Сборник произведений (Бобылёва) - страница 126

А еще позже Никита поймал себя на мысли, что надо было действительно послать Леву к лешему и пронаблюдать за результатом. Сразу стало бы понятно, как далеко простирается зона воздействия.

Но это было уже гораздо позже.

Они проскочили несколько окраинных районов и выехали на пригородное шоссе, а потом водитель высадил их у автобусной остановки, наотрез отказавшись сворачивать на неосвещенную проселочную дорогу. Кажется, этому лихому на вид восточному человеку вообще не понравилось играть в шпионское преследование. Он с опаской, как-то по-птичьи схватил деньги и поспешно уехал.

Не понравившаяся ему проселочная дорога пересекала поле, на другом краю которого алыми огоньками горели фары машины, увезшей Сан-Саныча. Никита, притормаживая пяткой, скатился с насыпи в неглубокую придорожную канаву — проселок петлял, а по полю можно было пройти напрямик. Лева медлил — очень уж ему не хотелось уходить с освещенной трассы, ровный шум которой казался умиротворяющим подтверждением близости людей.

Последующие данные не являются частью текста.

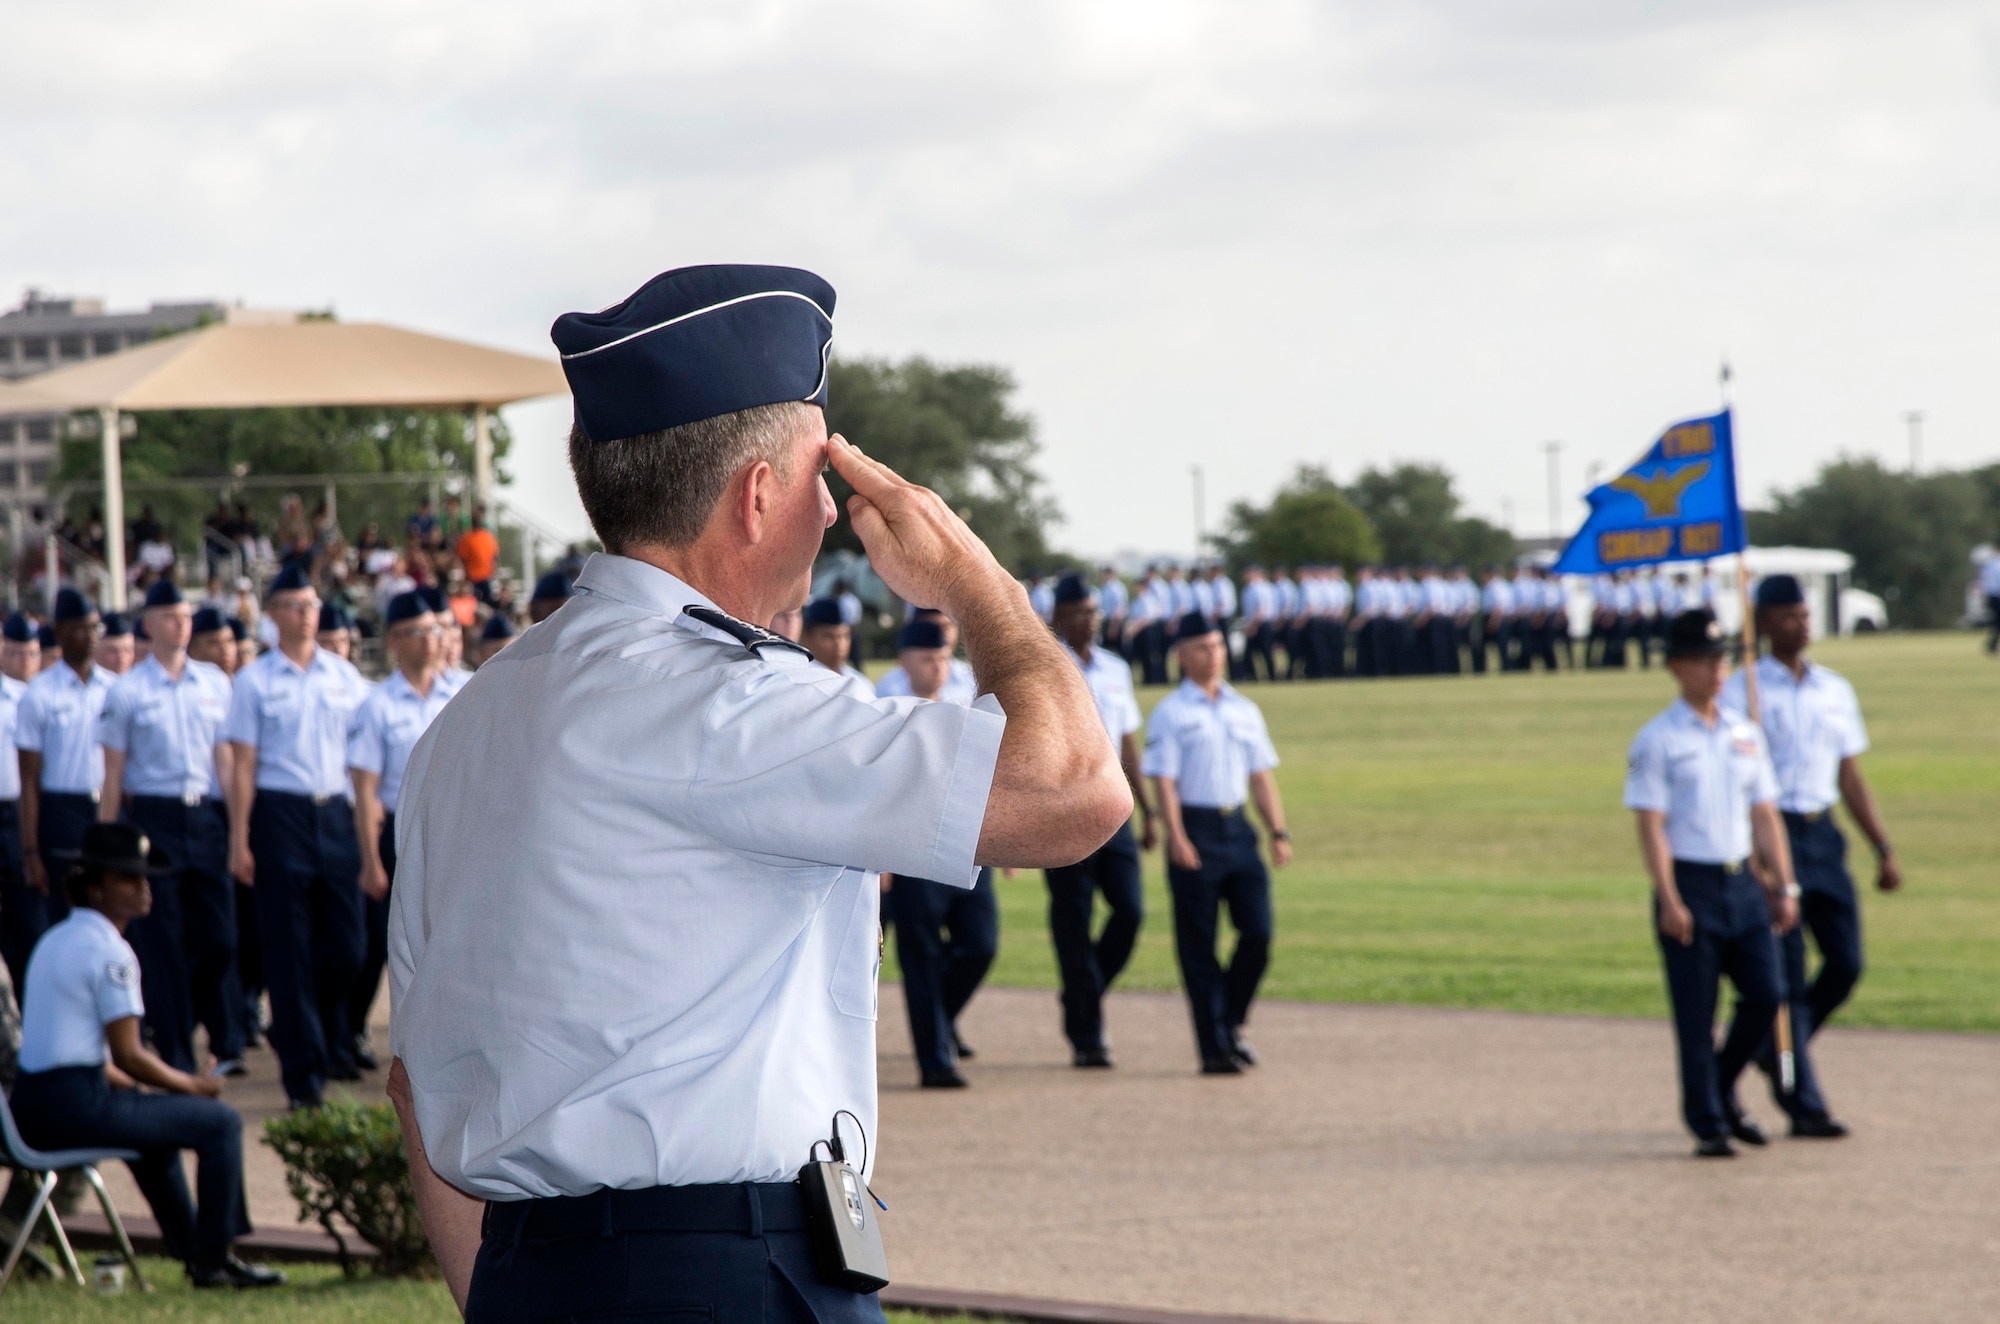 Air Force Chief of Staff Gen. David Goldfein salutes a flight of the Air Force's newest Airmen June 16, 2017, at Joint Base San Antonio-Lackland. Goldfein toured various JBSA-Lackland facilities and met many 37th Training Wing Airmen during his two-day visit. Every enlisted Airmen begins their Air Force career at basic military training. JBSA-Lackland is often referred to as the "Gateway to the Air Force," graduating about 39,000 Airmen annually. Basic military training is one of the missions of the 37th Training Wing, the largest training wing in the United States Air Force. (U.S. Air Force photo by Johnny Saldivar)

— Злоупотребление алкоголем зачастую приводит к повышенной тревожности и мнительности, — процитировал ему из канавы Павлов. — превращая пациентов в отчаянных трусов. Пример: больной Лев, тридцать два года…

— Чего-о?

— «Алкоголизм и его последствия», книга семидесятых годов, очень рекомендую. Помогает понять, почему ты конченый.

— Сам ты конченый! — рассвирепел Лева и тоже скатился с насыпи. Глянул, набычившись, на Никиту снизу вверх, сплюнул и вразвалку пошел вперед. Но шагов через пятнадцать остановился, изображая, что вытряхивает что-то из кроссовки, и оказался у Никиты за спиной. А может, действительно камешек попал.

Голую, стянутую мурашками кожу щекотала трава, сильно пахло таволгой и мятой, болезненно яркий свет не давал открыть глаза. Сан-Саныч жалобно жмурился, выражение лица у него было потерянное и почти трогательное — как у балованного ребенка, понявшего вдруг, что мамочка далеко, а вокруг — огромный равнодушный мир. Саныч и впрямь потерялся, он совершенно не понимал, где он и как сюда попал. Все вроде началось как надо — он вошел в Воздусино логово бодро, по-хозяйски, кто под ногами путался — тех аккуратно отодвинул. Сказал, что трогать никого не хочет, честно не хочет, но вот к Евдокии есть разговор, ситуация по ней серьезная. И с удовольствием заметил, как вытянулись лица, поползли вверх щипаные брови. Почуяли твердую руку, поняли, что не будет он с ними цацкаться…

А потом выкатилась ему навстречу Воздуся с такой сладкой физиономией, будто варенья накушалась. И давай его обхаживать, как дорогого гостя, ручками всплескивать, Бога благодарить, что сподобил-таки, привел человека умного, рассудительного, а то мальчишка-то прочие, сопляки, не понимают ничего, вот и боятся. Вот и выдумывают невесть что, поклеп возводят, и на кого — на матерей, которые всю жизнь на них положили и только добра хотят. За этой мелким бисером рассыпающейся речью, в которую и словечка своего вставить было нельзя, Сан-Саныча усадили за стол, а на столе возникли и салатик, и колбаска, и свежайшая плетенка с маком, и, что самое главное, старомодный графин с тяжелой стеклянной пробкой. От его вида слезы умиления из глаз Сан-Саныча, конечно, не брызнули, но слегка защекотали в носу. Уже сто лет ему никто не подносил вот так, как полагается, в графине.